Notification

Urchin WebAnalytics Software is discontinued and is no longer supported. All Urchin documentation applies only to the Urchin product as it was at the time of discontinuation, and does not apply to any Google Analytics products or services.

Running Urchin 5 and Urchin 3 simultaneously on a Sun Cobalt system

Introduction

The instructions in this article assume that you currently have Urchin 3 processing your website logs daily, that you've already installed Urchin 5, and that you have run the u3importer utilityto import your Urchin 3 configuration and databases into Urchin 5. However, if you understand enough about your Cobalt system's configuration, you can also use these details to manually set up simultaneous Urchin 3 and Urchin 5 processing regardless of whether you've imported your Urchin 3 information already.

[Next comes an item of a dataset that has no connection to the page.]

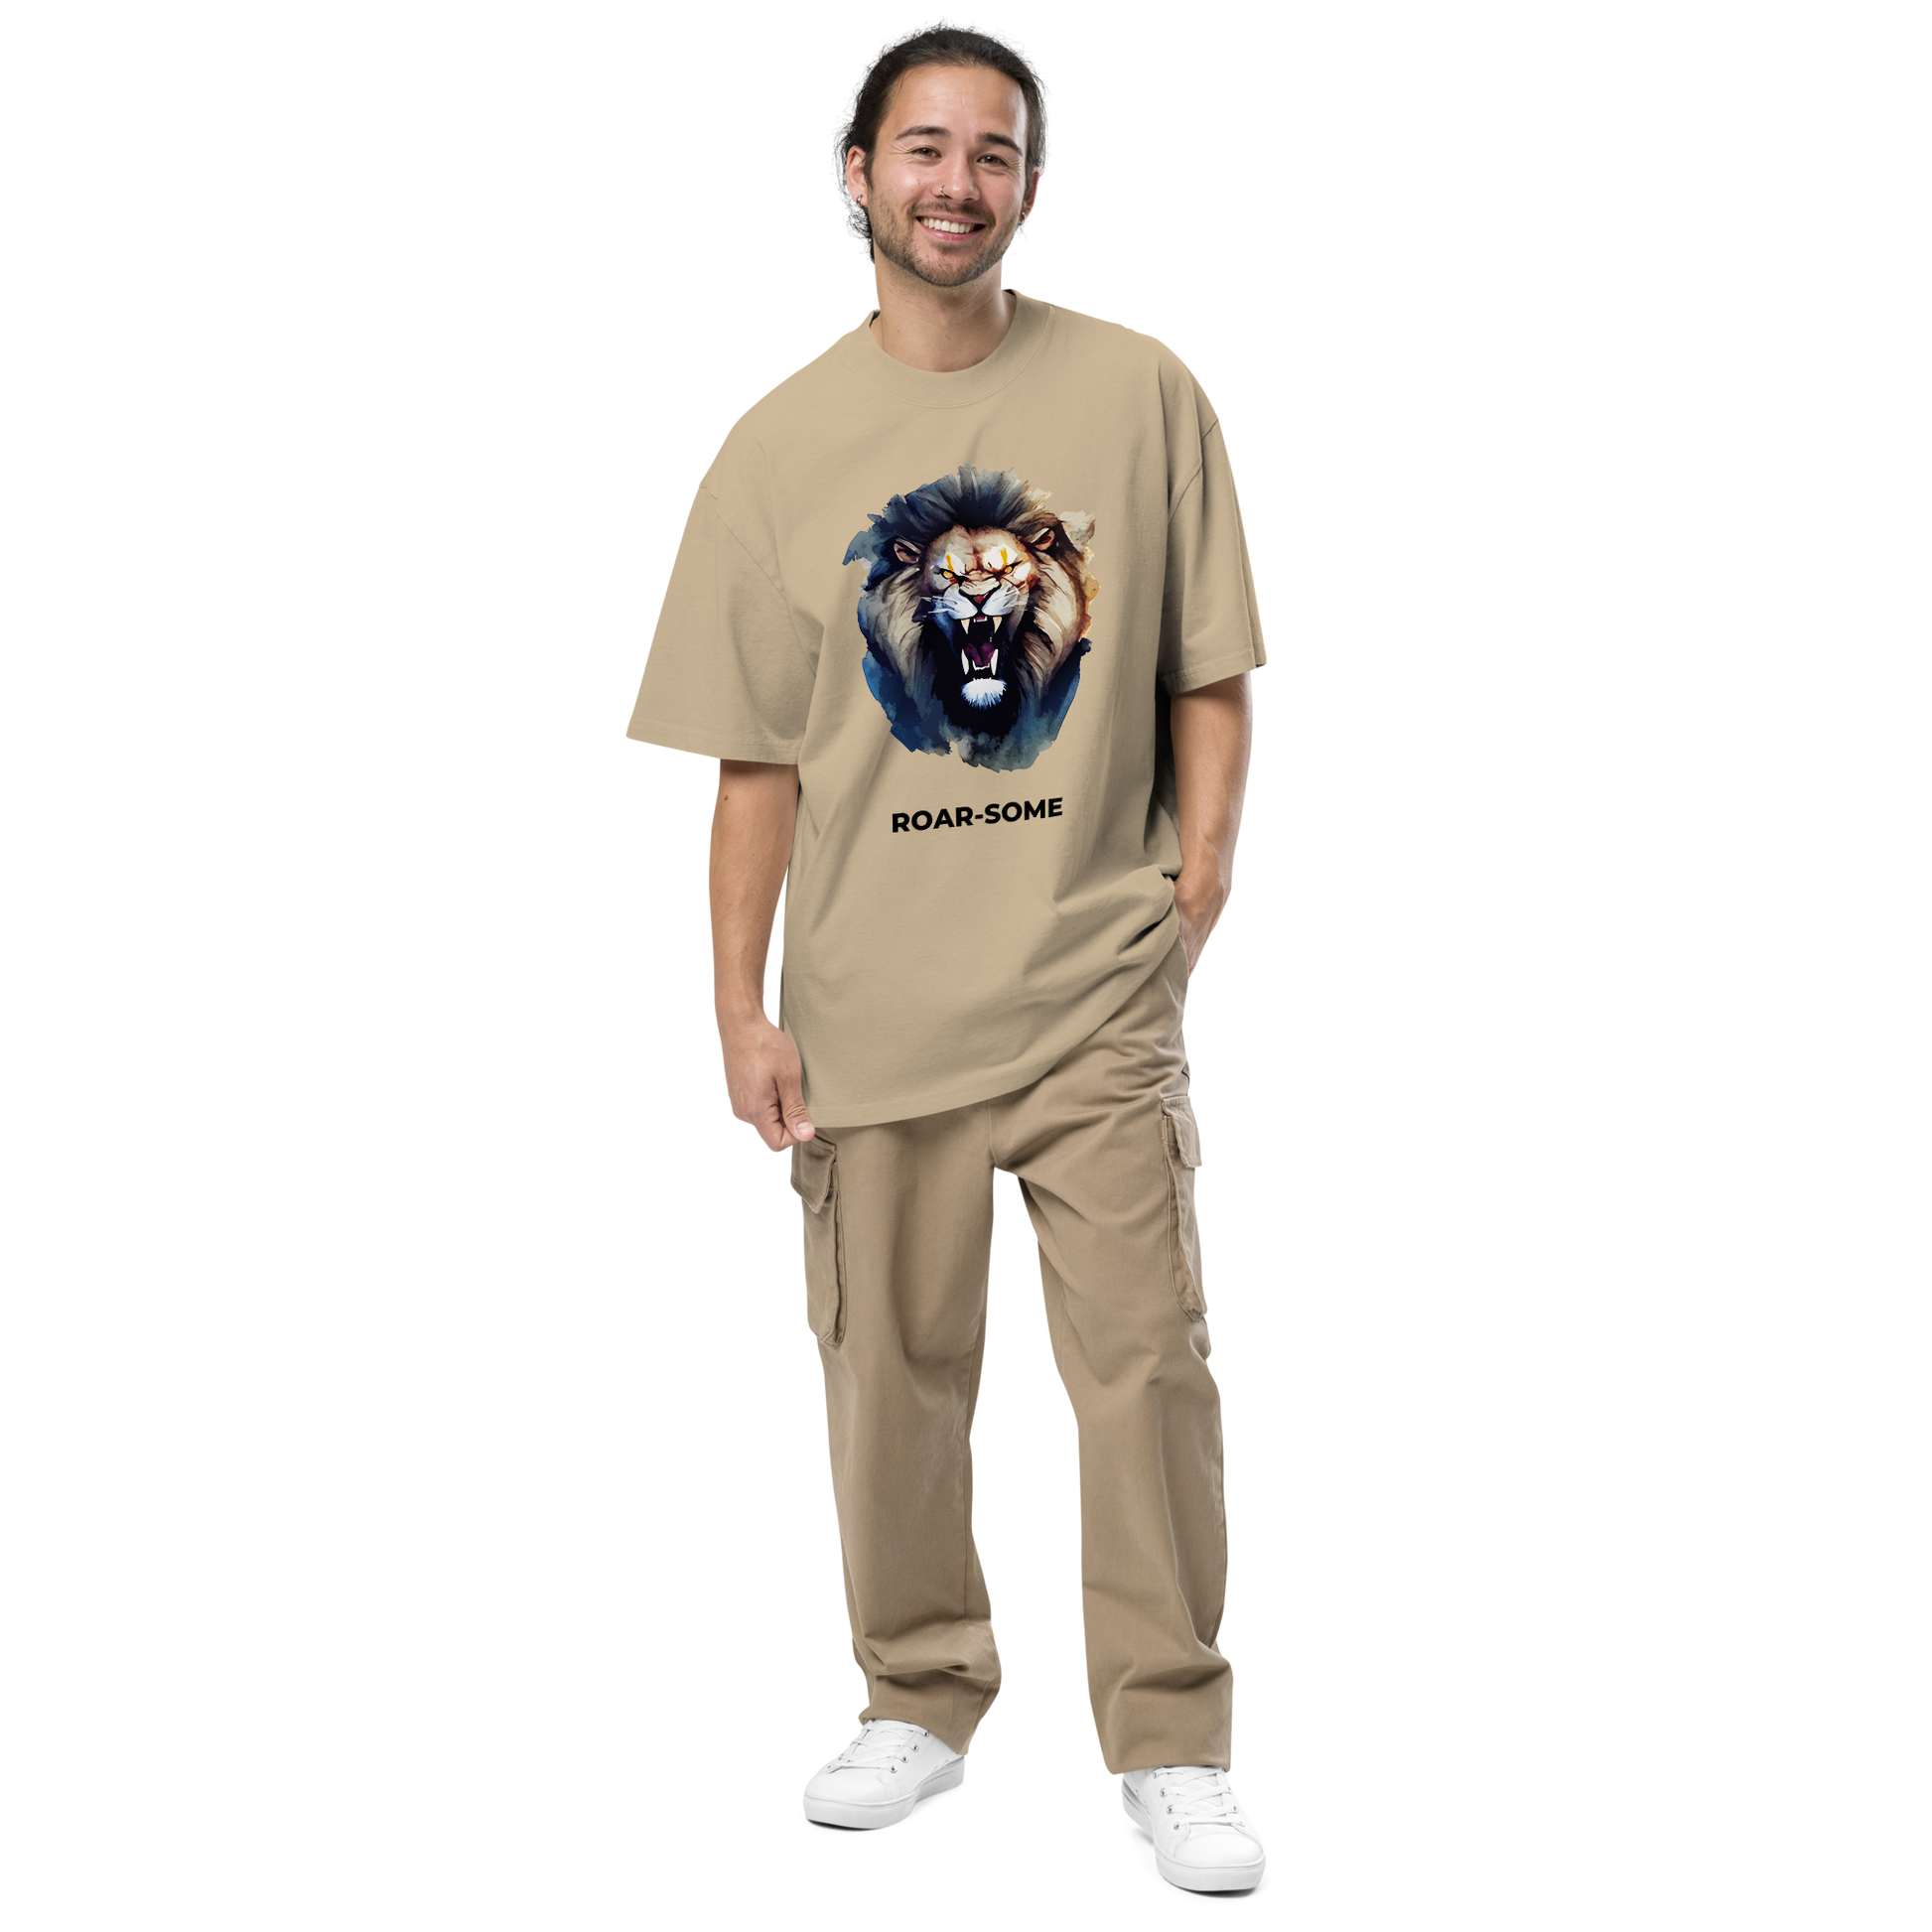 Smiling man wearing a Faded Khaki Lion Oversized T-Shirt featuring a Roar-Some graphic on the chest - Cool Graphic Lion Oversized Tees - Boozy Fox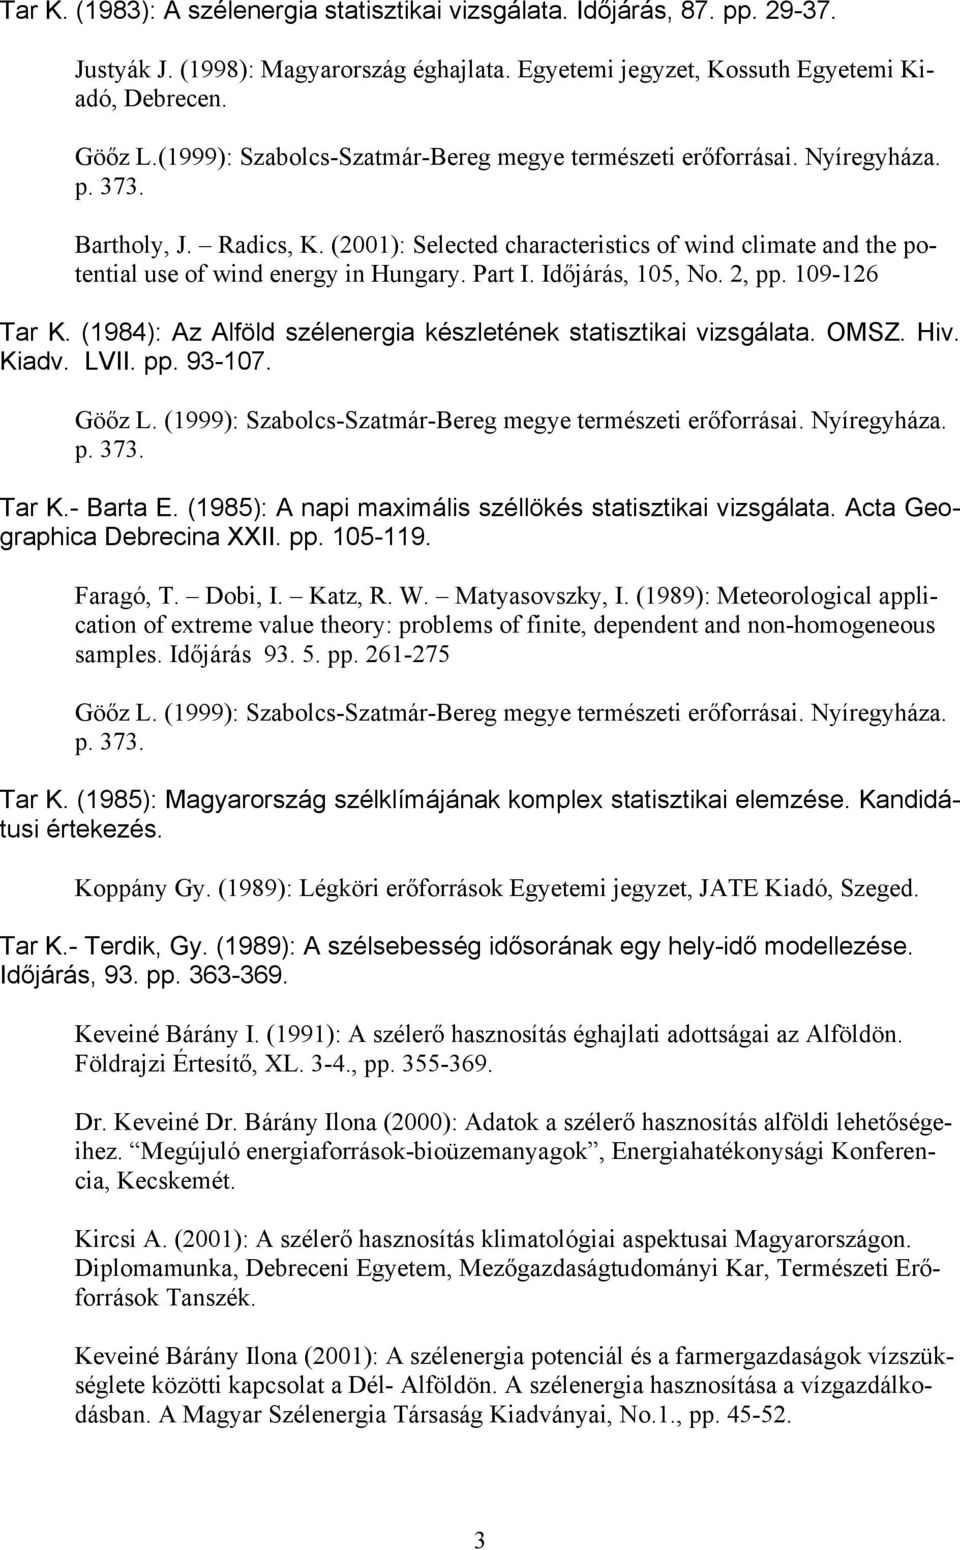 (2001): Selected characteristics of wind climate and the potential use of wind energy in Hungary. Part I. Időjárás, 105, No. 2, pp. 109-126 Tar K.

On Sun Cobalt systems Urchin 5 can be installed and operated alongside an existing Urchin 3 installation. The two packages will be viewed as separate applications by the Cobalt management interface. However, since you will be processing the same set of website logs using both versions, some coordination must be done to ensure that log file handling by one Urchin distribution does not interfere with processing by the other Urchin distribution.

Procedure

Urchin 3 is scheduled to run daily after 5am. The execution time cannot be determined exactly because the Urchin 3 processing must wait for the Cobalt split_logs and logrotation tasks to finish running first, and that timing will vary depending on the amount of web traffic for the system. What can be predicted is that at some point each website's home directory in /home/sites should contain a newly created web.log file. After processing by Urchin 3 these web.log files will be renamed and compressed so that in their final form they will each have the name web.log.YYYYMMDD.gz, where the string YYYYMMDD will actually be a numeric timestamp that includes the year, month, and day. Since these archived logs are created by Urchin 3 with a predictable naming scheme, you can configure Urchin 5 to run after Urchin 3 and look for these archived logs. Please be sure to read the Considerations section of this article for an explanation of the differences in how Urchin 3 and Urchin 5 handle the YYYYMMDD file naming notation.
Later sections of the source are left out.